### What to do
What you return must be the exact lines of the material below, from the first through the one that has "Singular black Dixie", with no pictures and, please, nothing else.

### Data
• • • • • • •
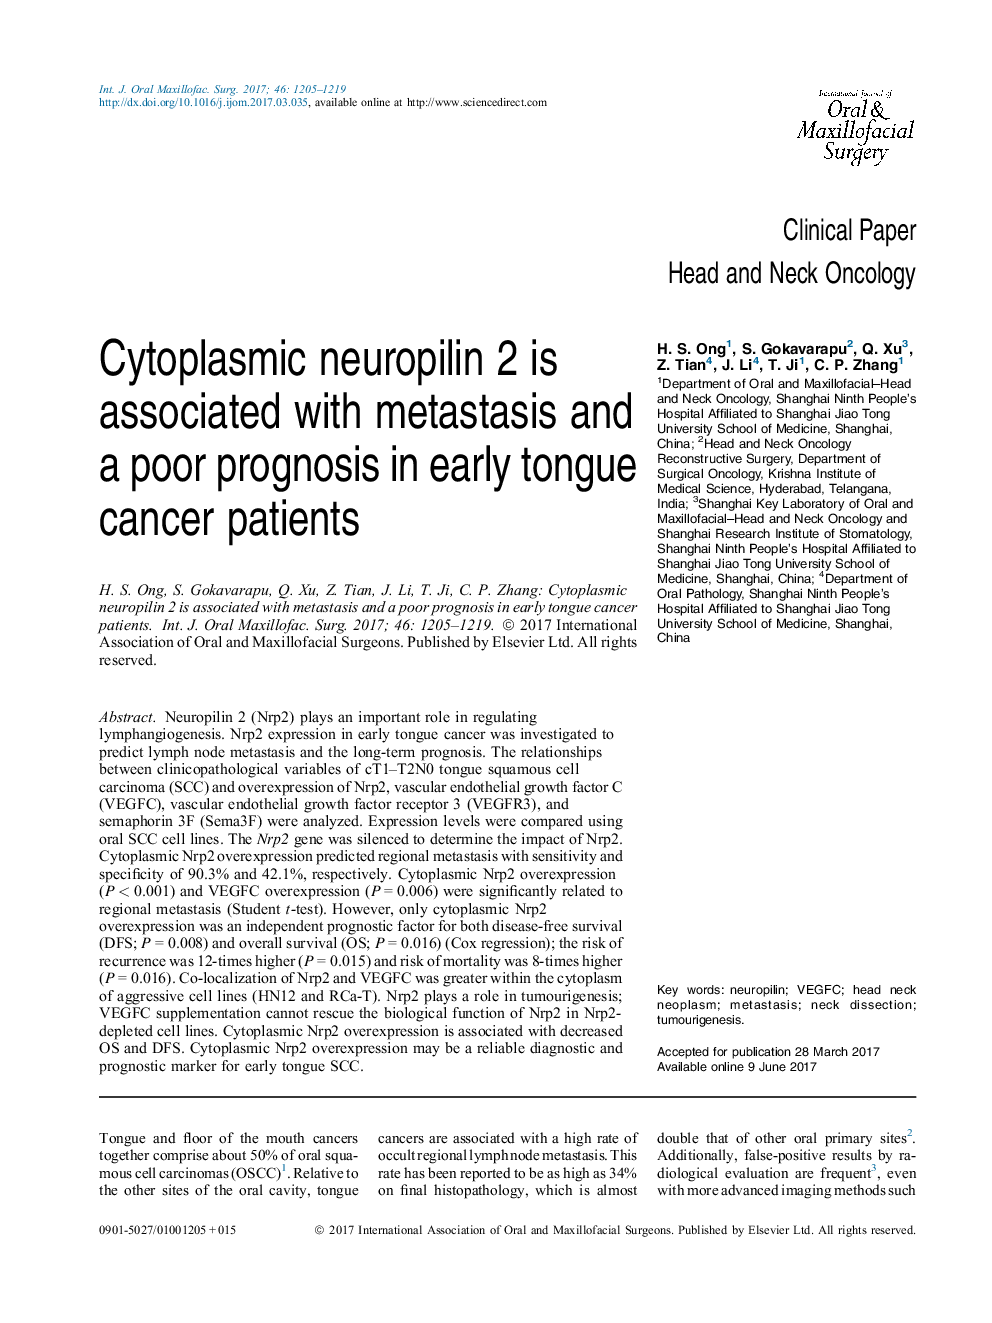 نوروپیلین 2 سیتوپلاسمی همراه با متاستاز و پیش آگهی ضعیف در بیماران سرطانی مبتلا به سرطان 
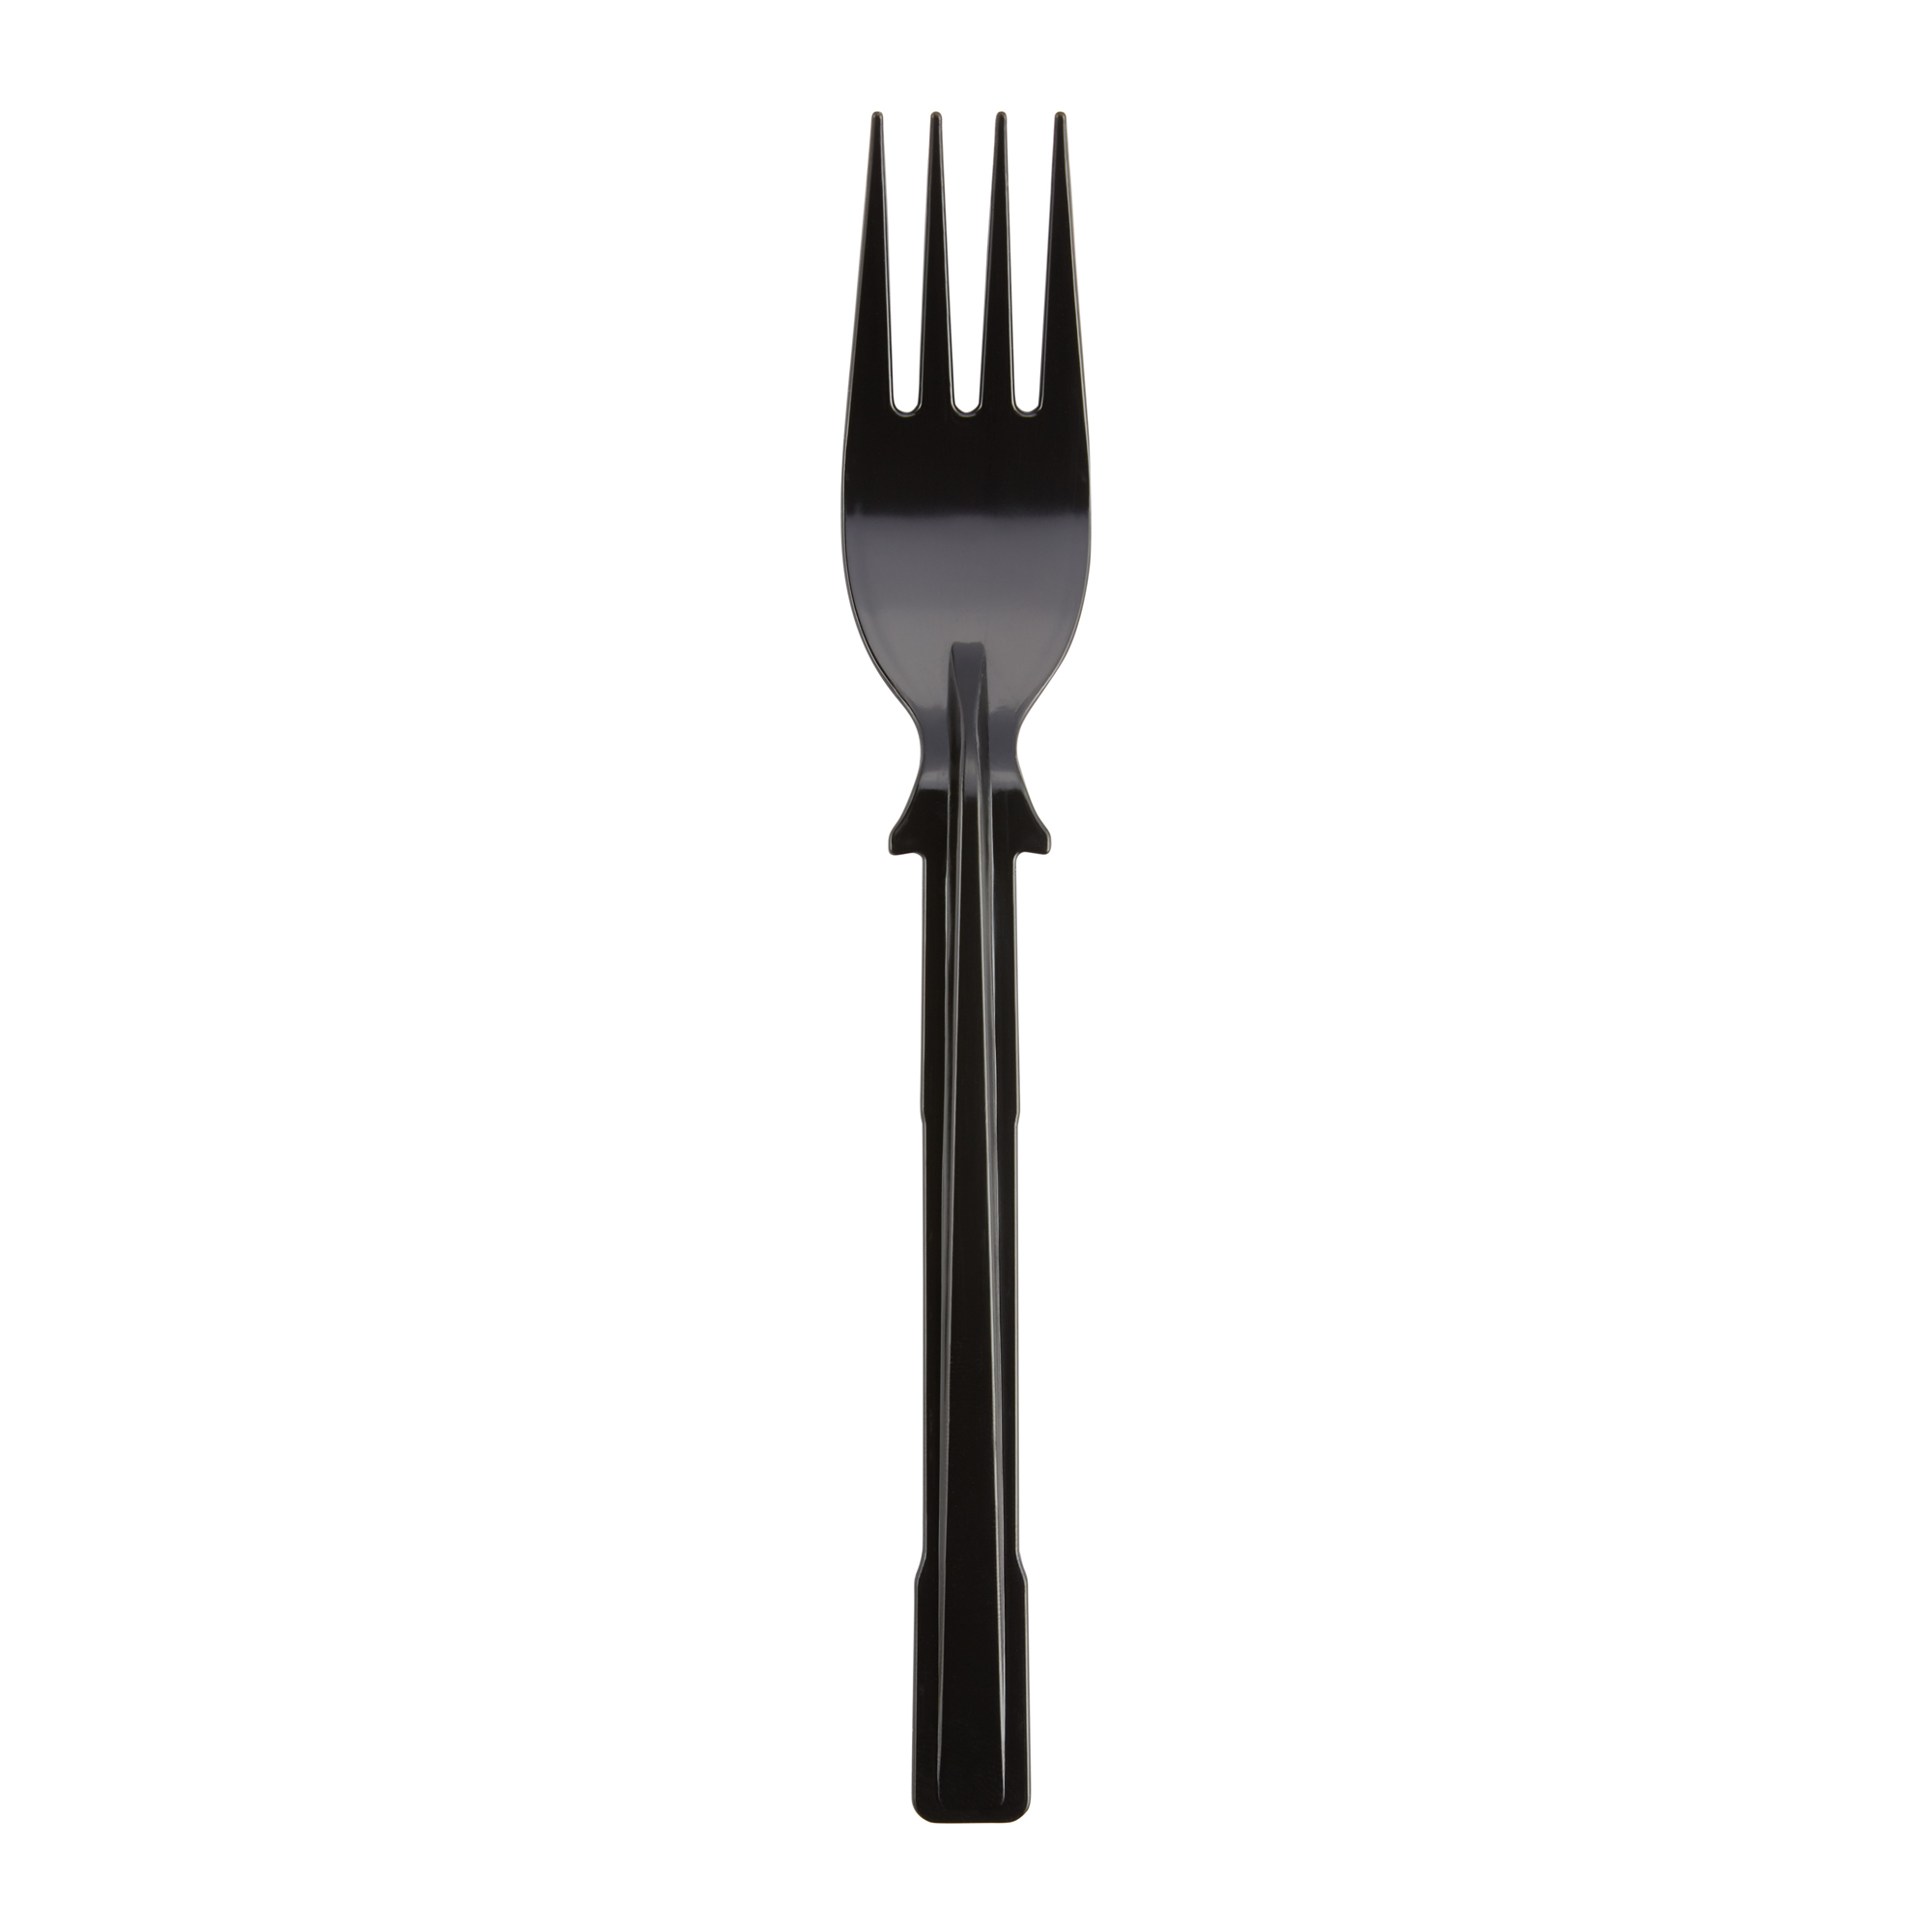 Singular black Dixie fork made from Polystyrene
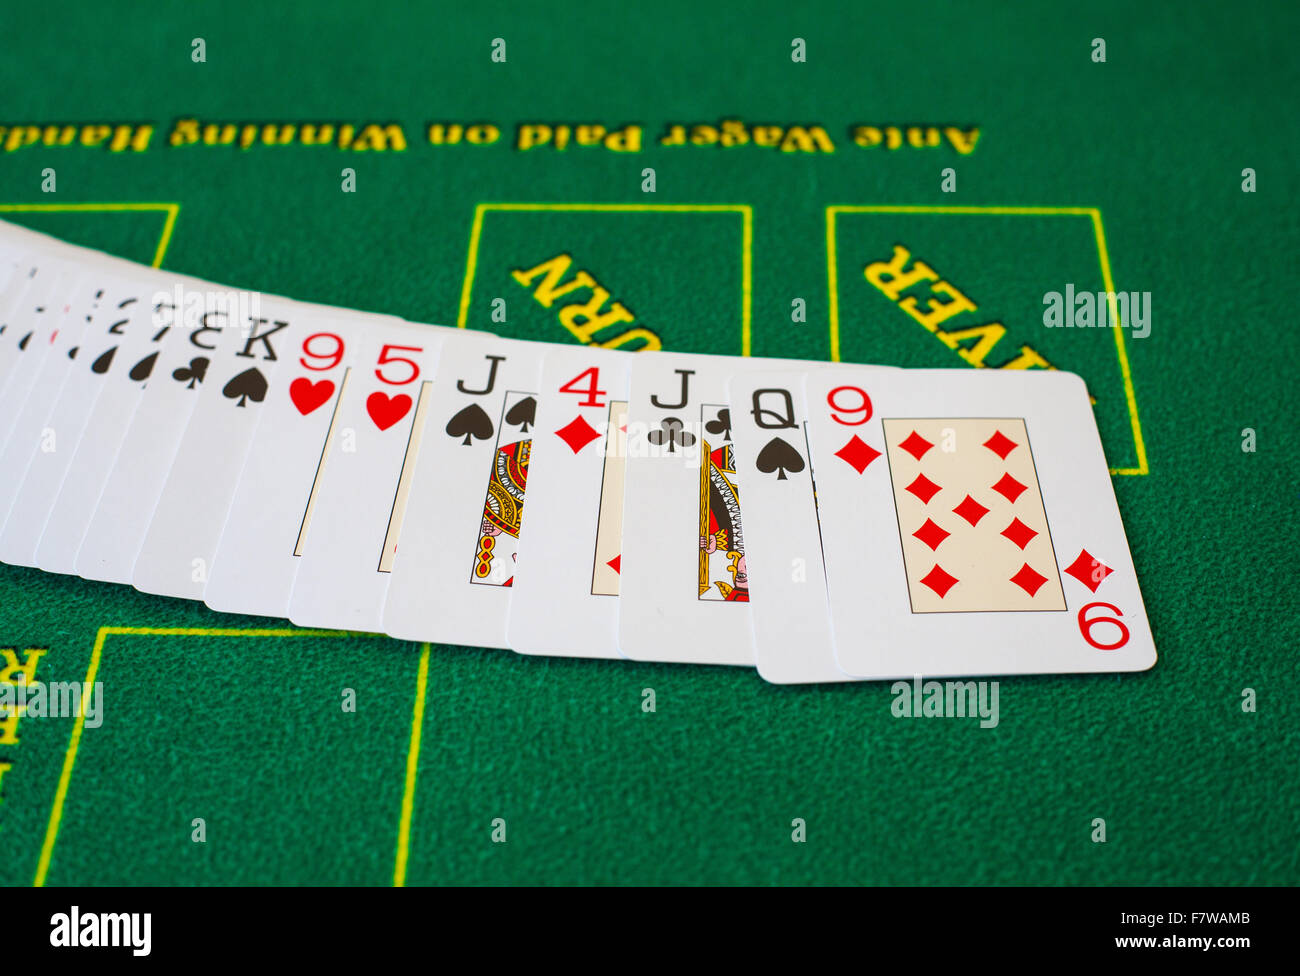 Cartes françaises pour le Texas hold'em sur une table de poker de casino Jeu de hasard risque de pari Banque D'Images
• • • • • • •
### Output
 نوروپیلین 2 سیتوپلاسمی همراه با متاستاز و پیش آگهی ضعیف در بیماران سرطانی مبتلا به سرطان 
 Singular black Dixie fork made from Polystyrene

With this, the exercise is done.